» **ABOUT THIS EXERCISE**
Transcribe the whole listing exactly, but do not carry over its pictures.

» **DATA RECORDS**

=-=-=-=-=

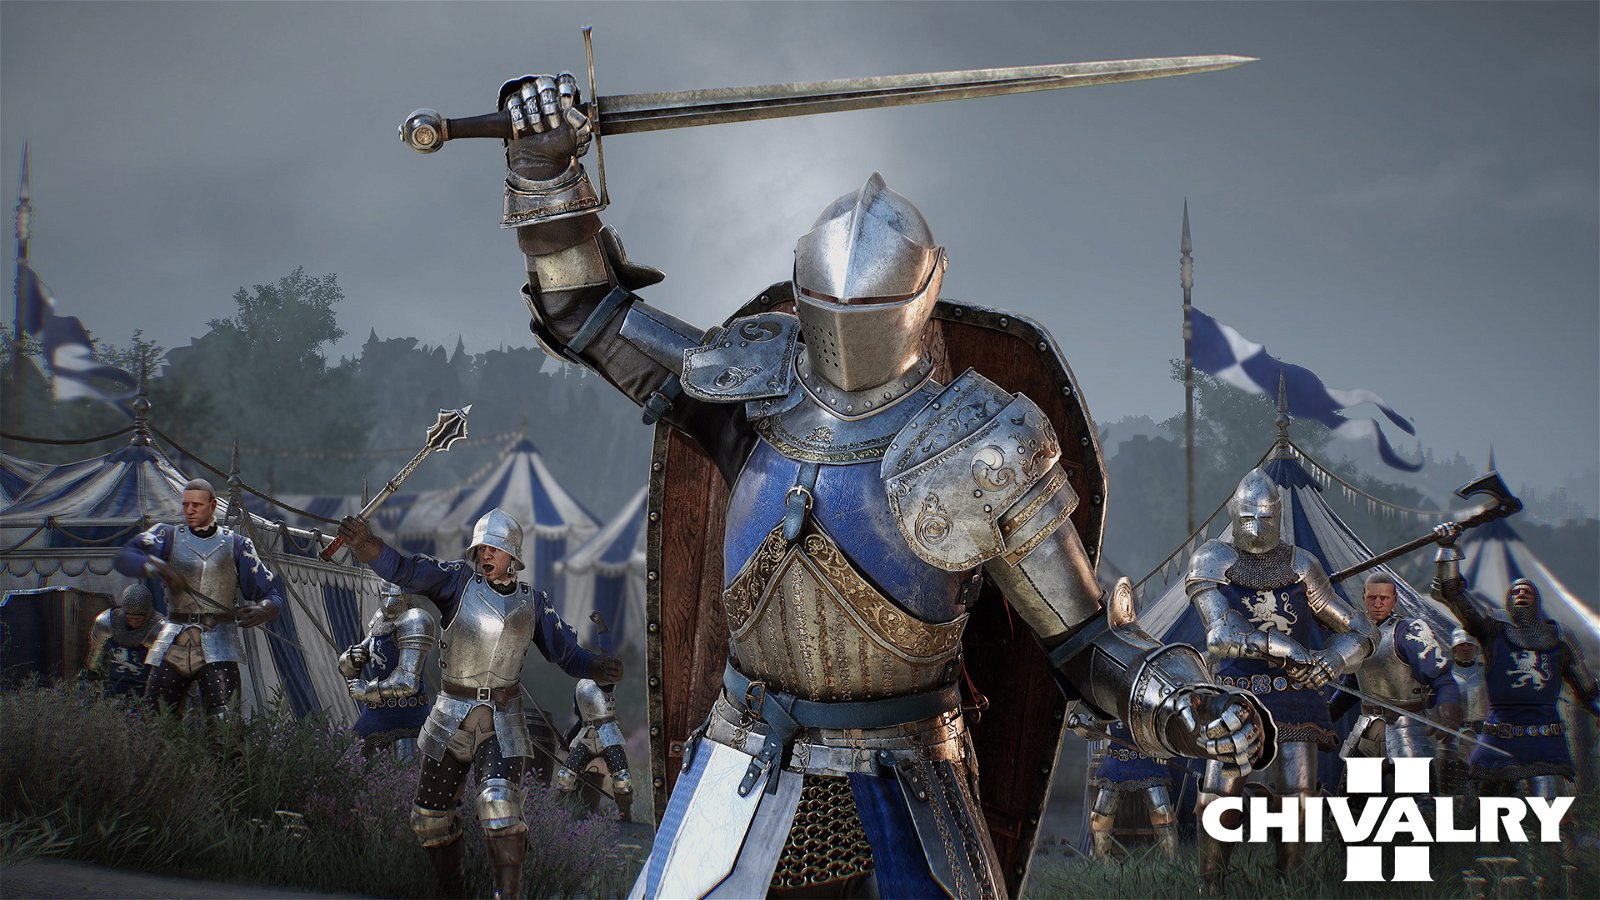 Chivalry II, Chivalry 2, Chivalry Sequel, Torn Banner Studios, Deep Silver, Tripwire Presents, PlayStation 4, PS4, XONE, Xbox One, trailer, release date, Switch, North America, US, Europe, pre-order, price, gameplay, features
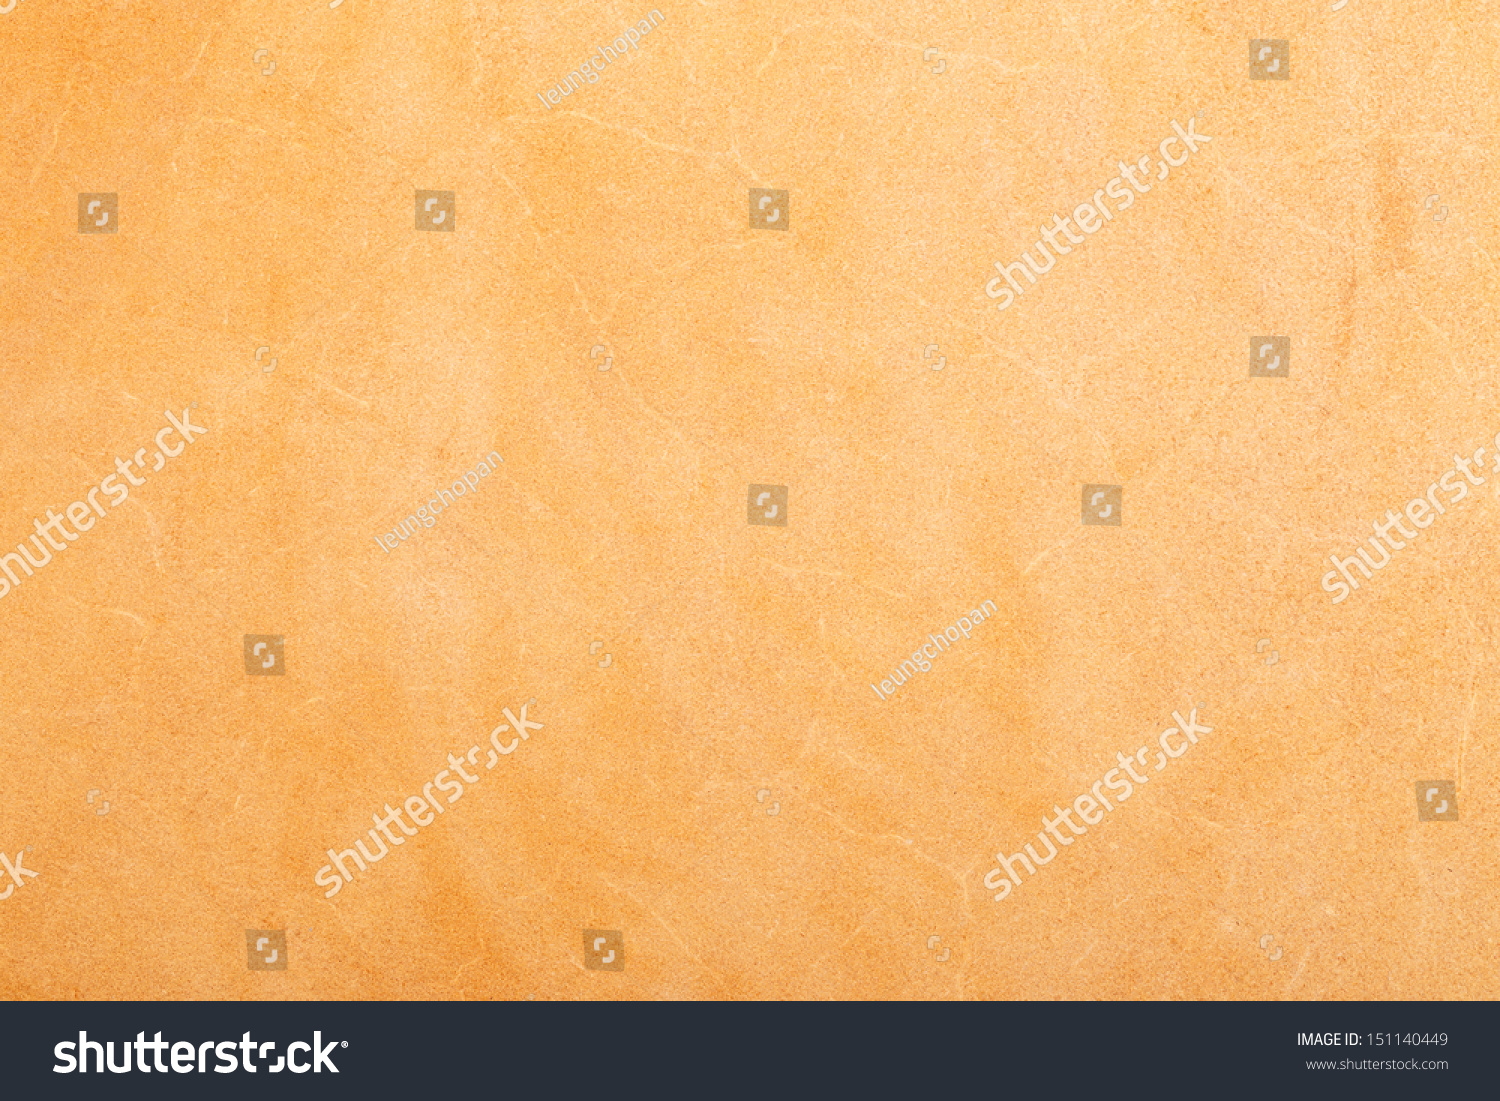 Vintage Leather Texture Nude Color Stock Photo 151140449 Shutterstock
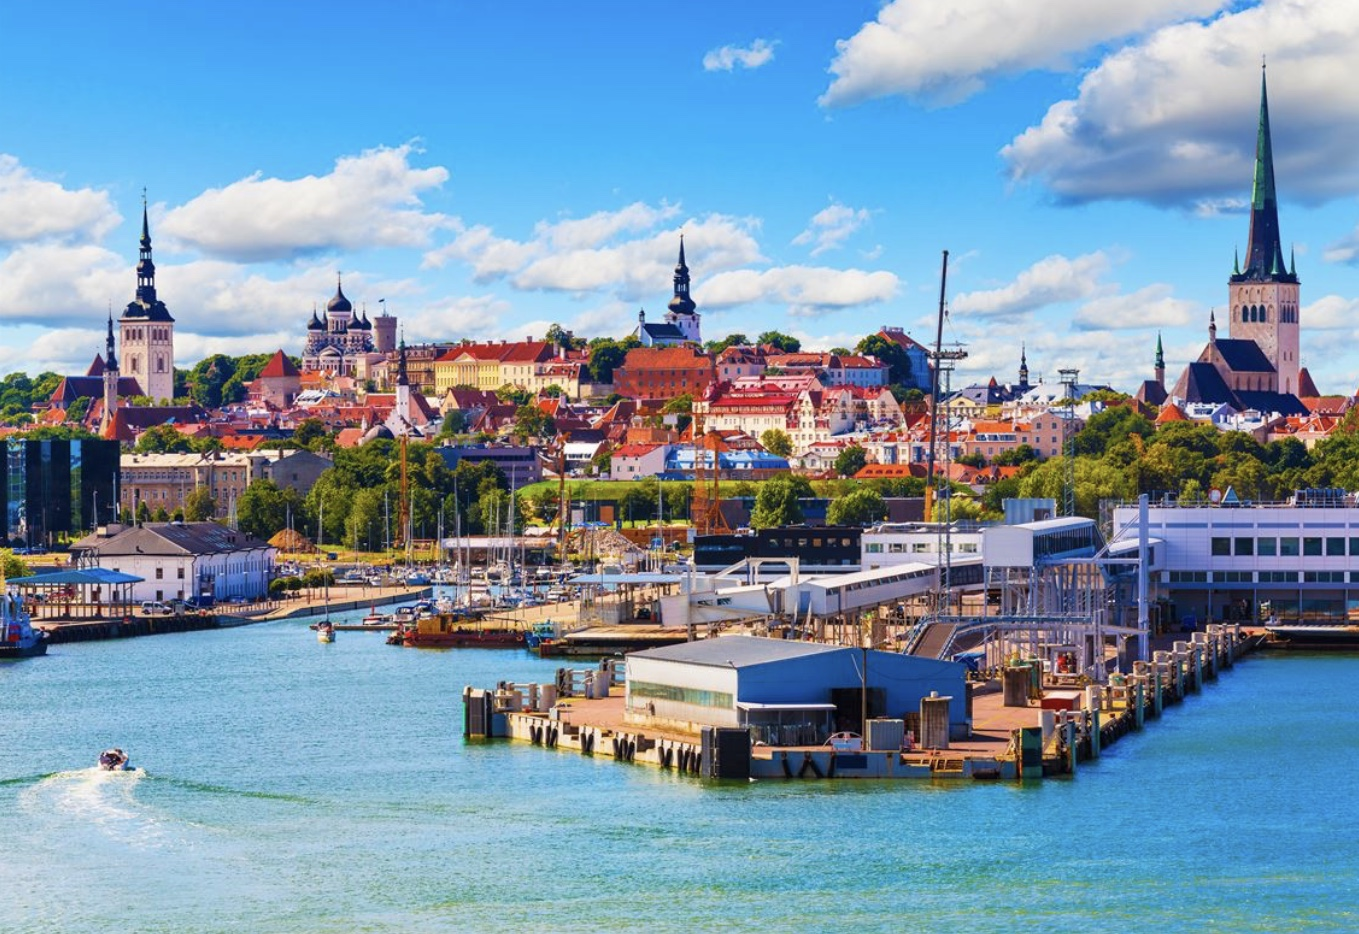 Why is Estonia considered the "Silicon Valley" of Europe? | Mercury Cash Blog
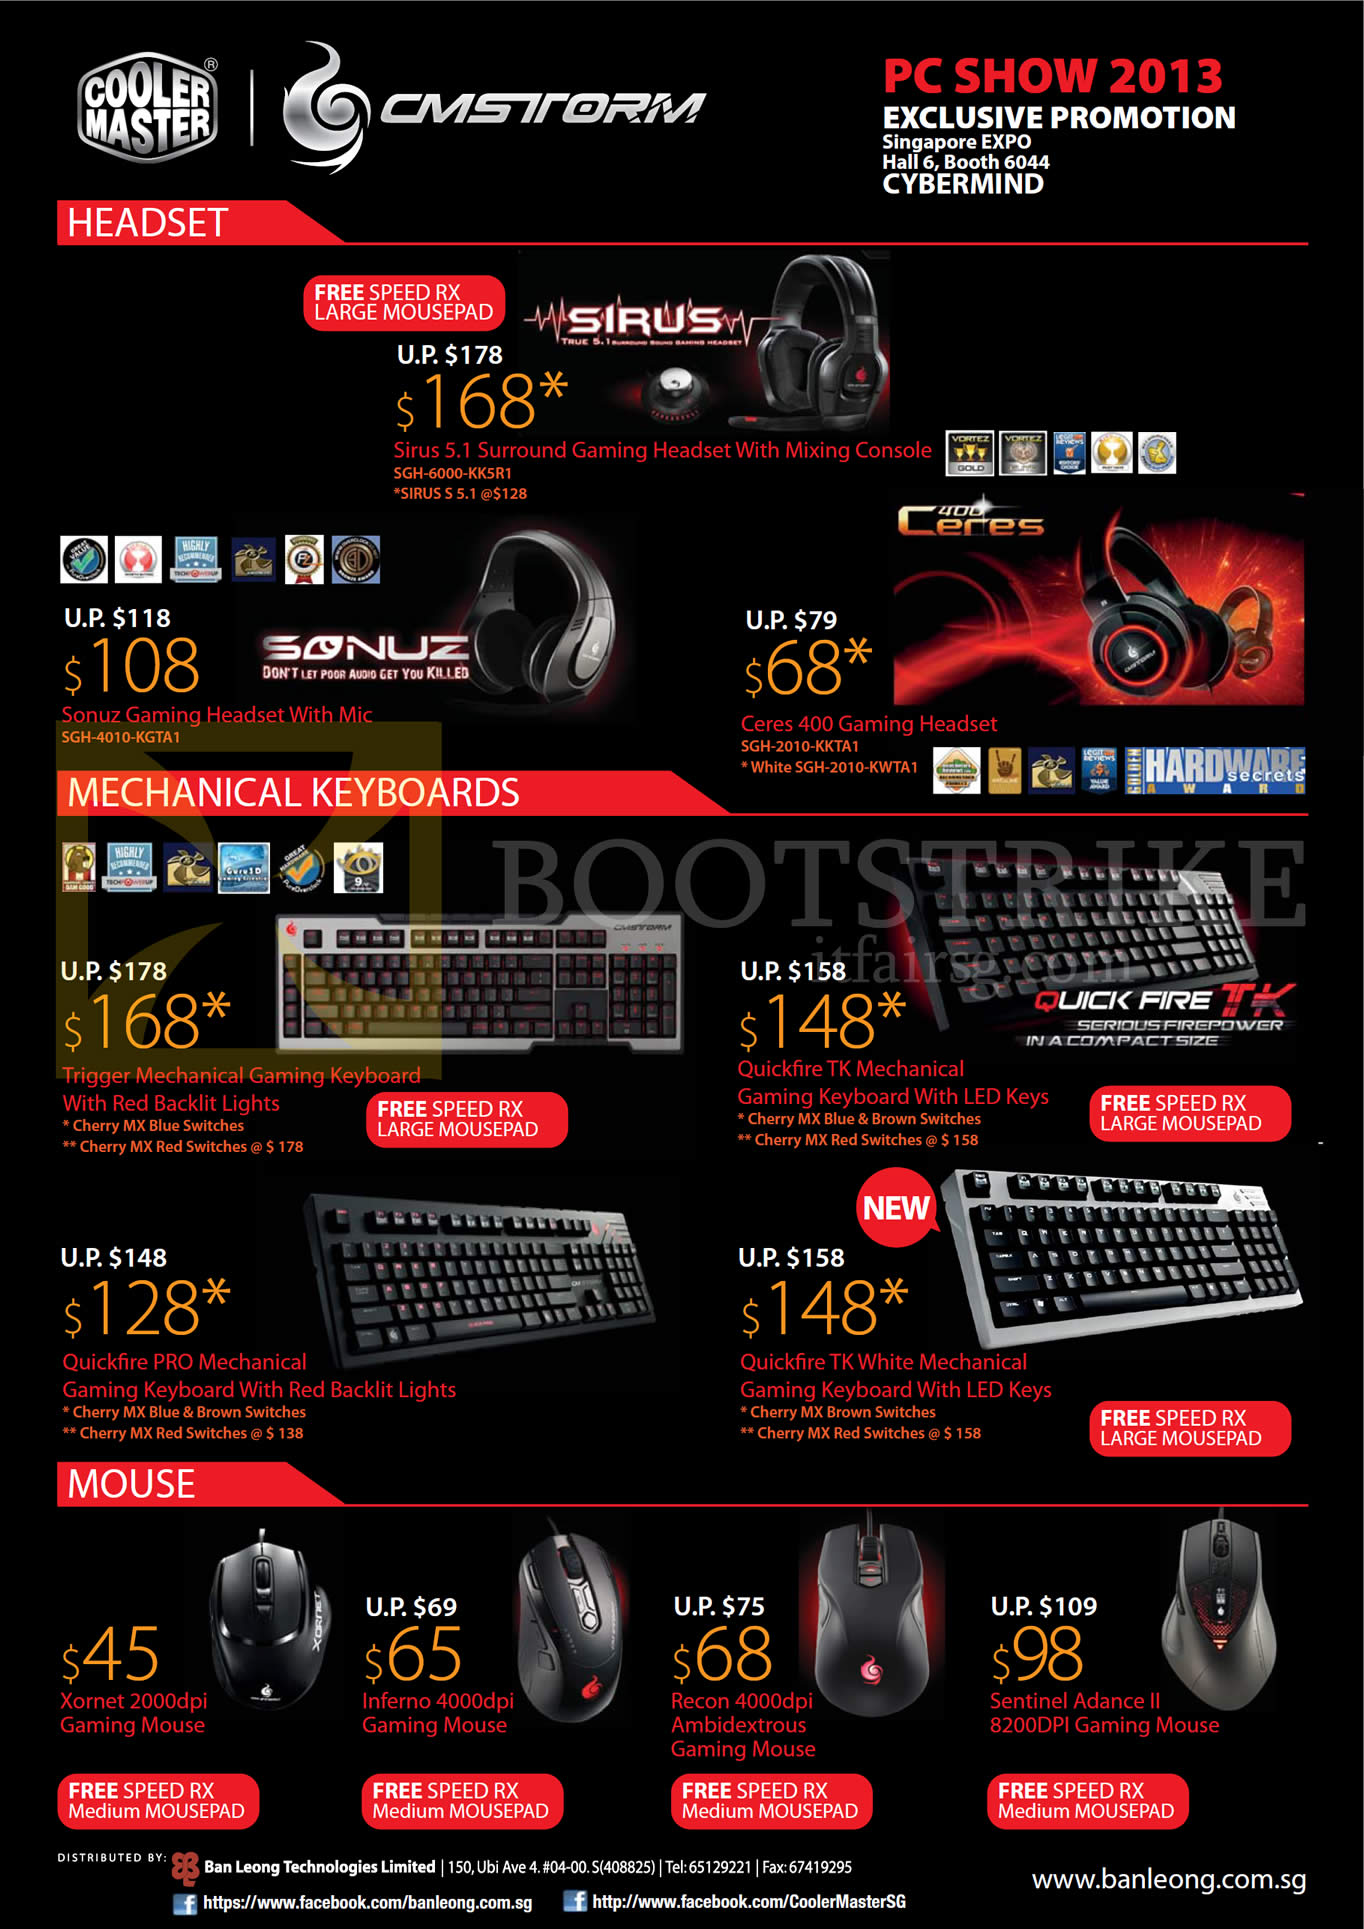 PC SHOW 2013 price list image brochure of Cybermind Cooler Master CM Storm Headset Sirus, Ceres 400, Sonuz, Mechanical Keyboards Trigger, Quickfire TK, Pro, Mouse Xornet, Inferno, Recon, Sentinel Adance II
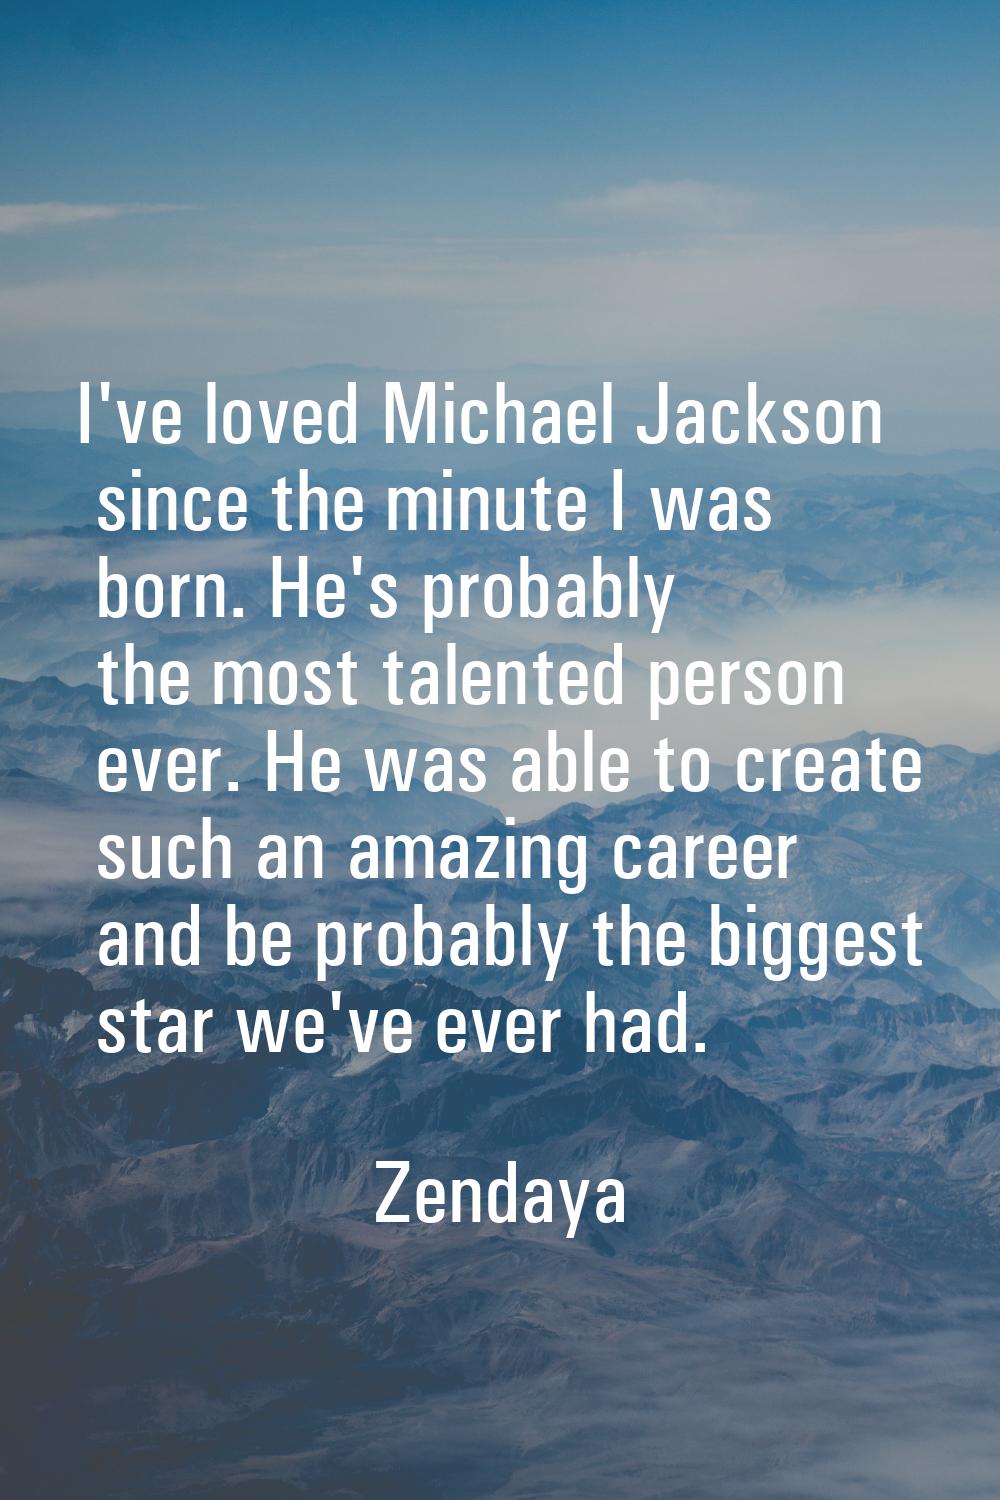 I've loved Michael Jackson since the minute I was born. He's probably the most talented person ever

=-=-=-=-=

» **SOLUTION FOR THIS EXERCISE**
 Chivalry II, Chivalry 2, Chivalry Sequel, Torn Banner Studios, Deep Silver, Tripwire Presents, PlayStation 4, PS4, XONE, Xbox One, trailer, release date, Switch, North America, US, Europe, pre-order, price, gameplay, features
 Vintage Leather Texture Nude Color Stock Photo 151140449 Shutterstock
 Why is Estonia considered the "Silicon Valley" of Europe? | Mercury Cash Blog
 PC SHOW 2013 price list image brochure of Cybermind Cooler Master CM Storm Headset Sirus, Ceres 400, Sonuz, Mechanical Keyboards Trigger, Quickfire TK, Pro, Mouse Xornet, Inferno, Recon, Sentinel Adance II
 I've loved Michael Jackson since the minute I was born. He's probably the most talented person ever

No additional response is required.